Left hemangioma resection in the liver. (a) Computed tomography scan demonstrated a 20 cm in diameter LH, (b) Laparoscopic view of the LH, and (c) the removal of the excised tumor. LH, laparoscopic hepatectomy.

Removing the excised tissue

The 12 mm trocar was removed, and its site was enlarged. An Endobag was inserted and deployed in the intra-abdominal cavity, and the excised tissue was placed in the specimen retrieval bag. The specimen retrieval bag was closed and brought against the anterior abdominal wall (Fig. 4c).

Statistical analysis

The clinical characteristics analyzed included blood loss, operation time, changes in postoperative liver function, morbidity, and mortality. These data were compared by the Student's t-test or χ² test, using a statistical analysis program package (SPSS 15.0; SPSS, Inc., Chicago, IL). The results are expressed as the mean ± standard deviation. A probability of 0.05 or less (P < .05) was considered statistically significant.

Results

Patient characteristics and operative outcomes

There were 44 patients in the study group, 29 women and 15men, with a mean age of 48.3 years (range 28–72). The surgery for one patient was converted to open surgery (Table 1). The mean operative time of HVO and MVO groups are 170 minutes (range 90–260 minutes) and 147 minutes (range 100–250 minutes). The mean operative time was 162 minutes (range 90–260 minutes) and the mean blood loss was 335 mL (range 50–1000 mL). All of the patients recovered gastrointestinal function within 24–48 hours and were able to eat and get out of bed. According to the Clavien-Dindo classification of surgical complications, all of the complications are grades I to IIIa. The postoperative bile leakage rate was 6.8%, which lead to abdominal collection, and these leaks were treated with drainage for 2 weeks. The pleural effusion rate was 11.3%, and this complication resolved after diuretic therapy in all cases. The other complications were cured with conservative therapy (Table 1).

Table 1.

Patient Characteristics and Operative Outcomes

Variable	HVO group (n = 24)	MVO group (n = 20)	P	Total
Age	46 (28–65)	50 (35–72)	.23	48 (28–72)
Female/male	16/9	13/6	.57	29/15
Body weight (kg)	63 (48–75)	60 (50–71)	.51	62 (48–75)
BMI (%)	26.6 ± 7.6	23.7 ± 7.1	.81	25.8 ± 7.4
Tumor (cm)	12 (8–22)	8 (5–12)	.02	10 (5–22)
ASA score I/II	12/7	8/7	.12	20/14
Hemoglobin (g/L)	133 ± 24	125 ± 26	.67	128 ± 25
Platelet counts ( × 10⁹/L)	134 ± 37	141 ± 29	.63	138 ± 33
WBC (10⁹/L)	4.8 ± 1.1	5.1 ± 1.4	.81	4.9 ± 1.2
Occlusion times (minutes)	65 ± 31	56 ± 27	.23	61 ± 30
Operating time (minutes)	170 (90–260)	147 (100–250)	.35	162 (90–260)
Estimated blood loss (mL)	305 (50–1000)	373 (100–700)	.17	335 (50–1000)
Conversion rate (%)	0	5 (n = 1)	.31	2.2
Blood transfusion rate, n (%)	2 (8.7)	2 (10.0)	.68	4 (9.1)
Perioperative morbidity (%)	5 (20.8)	3 (15.0)	.35	8 (18.2)
Complications			.12
Bile leak	2	1		3
Pleural effusion	3	2		5
Atelectasis	1	0		1
Abdominal collection	2	1		3
Other	2	1		3
Length of stay (days)	7.9 (5–21)	6.6 (5–22)	.23	7.3 (5–22)

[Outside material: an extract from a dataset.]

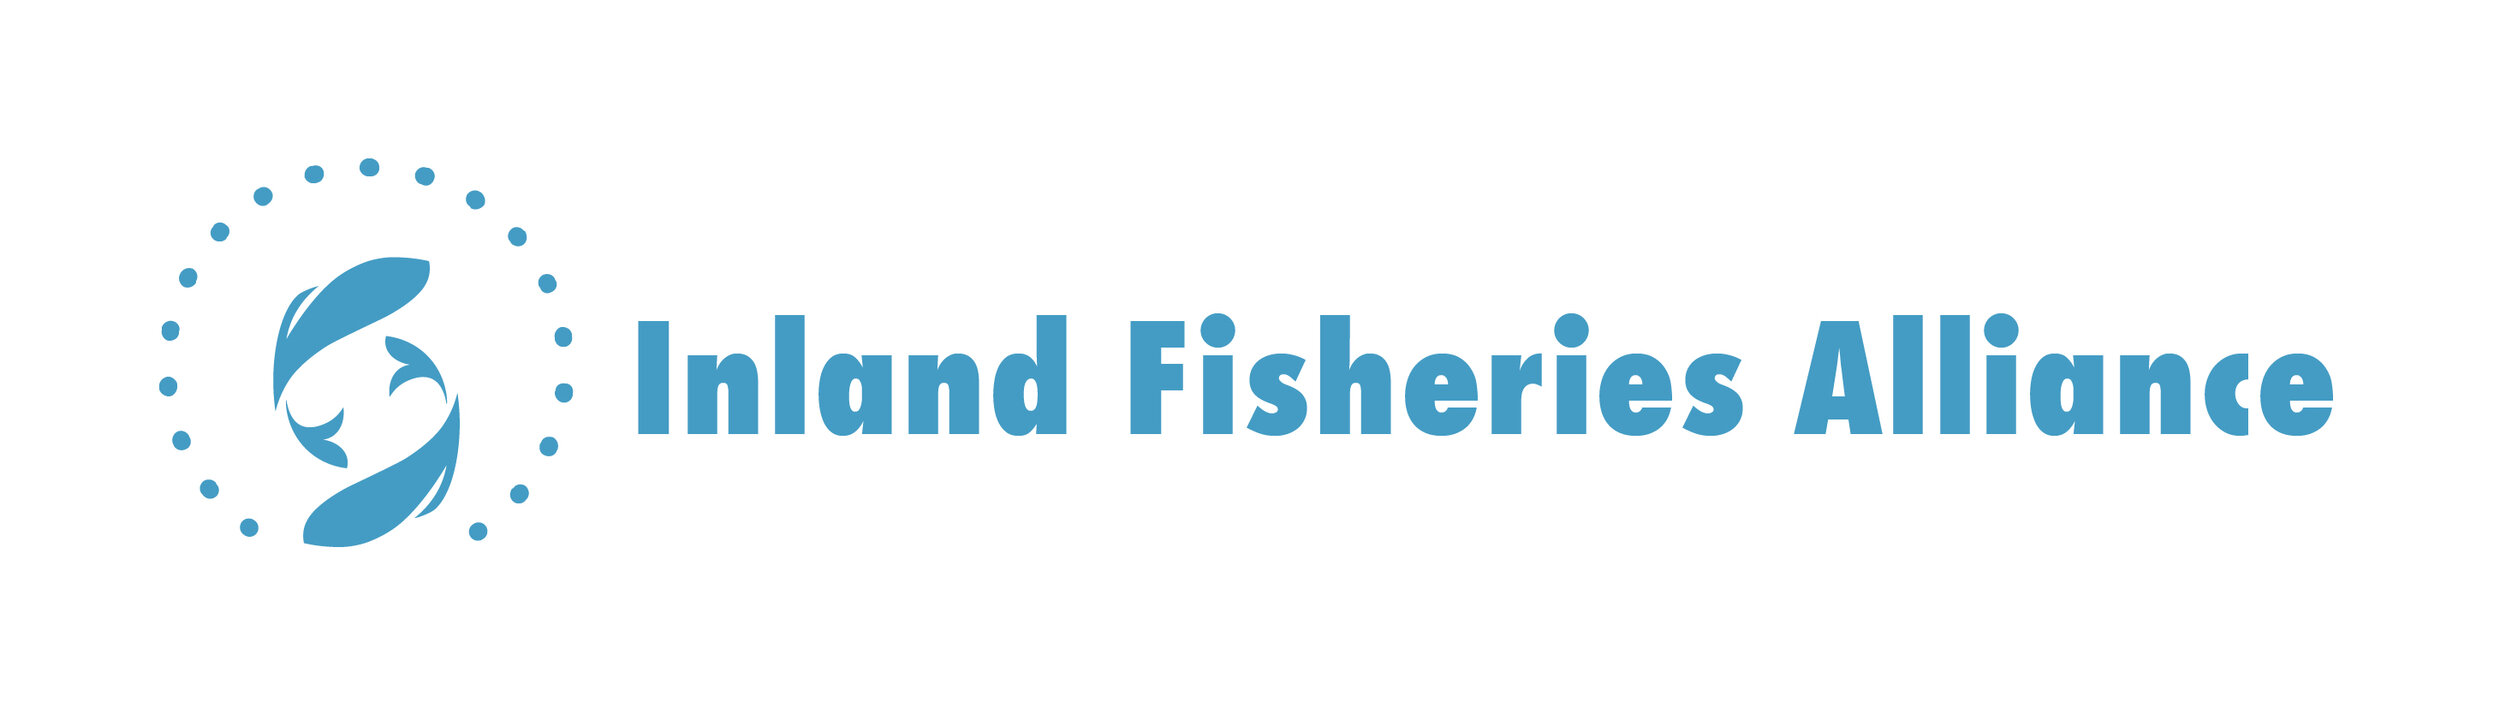 Inland Fisheries Alliance website

ASA, American Society of Anesthesiologists; BMI, body mass index; HVO, hemihepatic vascular occlusion; MVO, modified vascular occlusion; WBC, white blood cell.

Tumor location and operation mode

Size and location are considered important factors determining the feasibility of LS for LH. In the case of anterior and superficial lesions and lesions deep within the right hepatic parenchyma, enucleation is the indicated treatment, whereas large lesions located in a liver lobe that occupy most of the left or right lobe are treated with regular liver resection. Therefore, left lateral sectorectomy and left or right hemi-hepatectomy were usually adopted for the treatment of hemangiomata that occupied almost the entire lobe, whereas the tumors that occupied a small part of one or several lobes were removed by enucleation (Table 2). There were 5 cases of left lateral sectorectomy and 11 cases of left or right hemi-hepatectomy. The other cases involved tumor enucleation or concomitant regular liver resection.

Table 2.

Hemangioma Locations and Operative Modes

Liver segment (n)	N	Occlusion modes	Operation modes
II, III (7)	7	HVO	Left lateral sectorectomy
II, III, IV (10)	10		Left hemi-hepatectomy
VI, VII (4)	4		Right posterior sectorectomy
V, VI, VII, VIII (3)	3		Right hemi-hepatectomy
IV (2); IV, V (2); V (1); VI (2); V, VI (3); VI, VII (2); VII (1); VII, VIII (2)	15	MVO	Enucleation
II, III+VI (3)	5	MVO	Left lateral sectorectomy+Enucleation
II, III, IV+VII (2)			Left hemi-hepatectomy+Enucleation

HVO, hemihepatic vascular occlusion; MVO, modified vascular occlusion.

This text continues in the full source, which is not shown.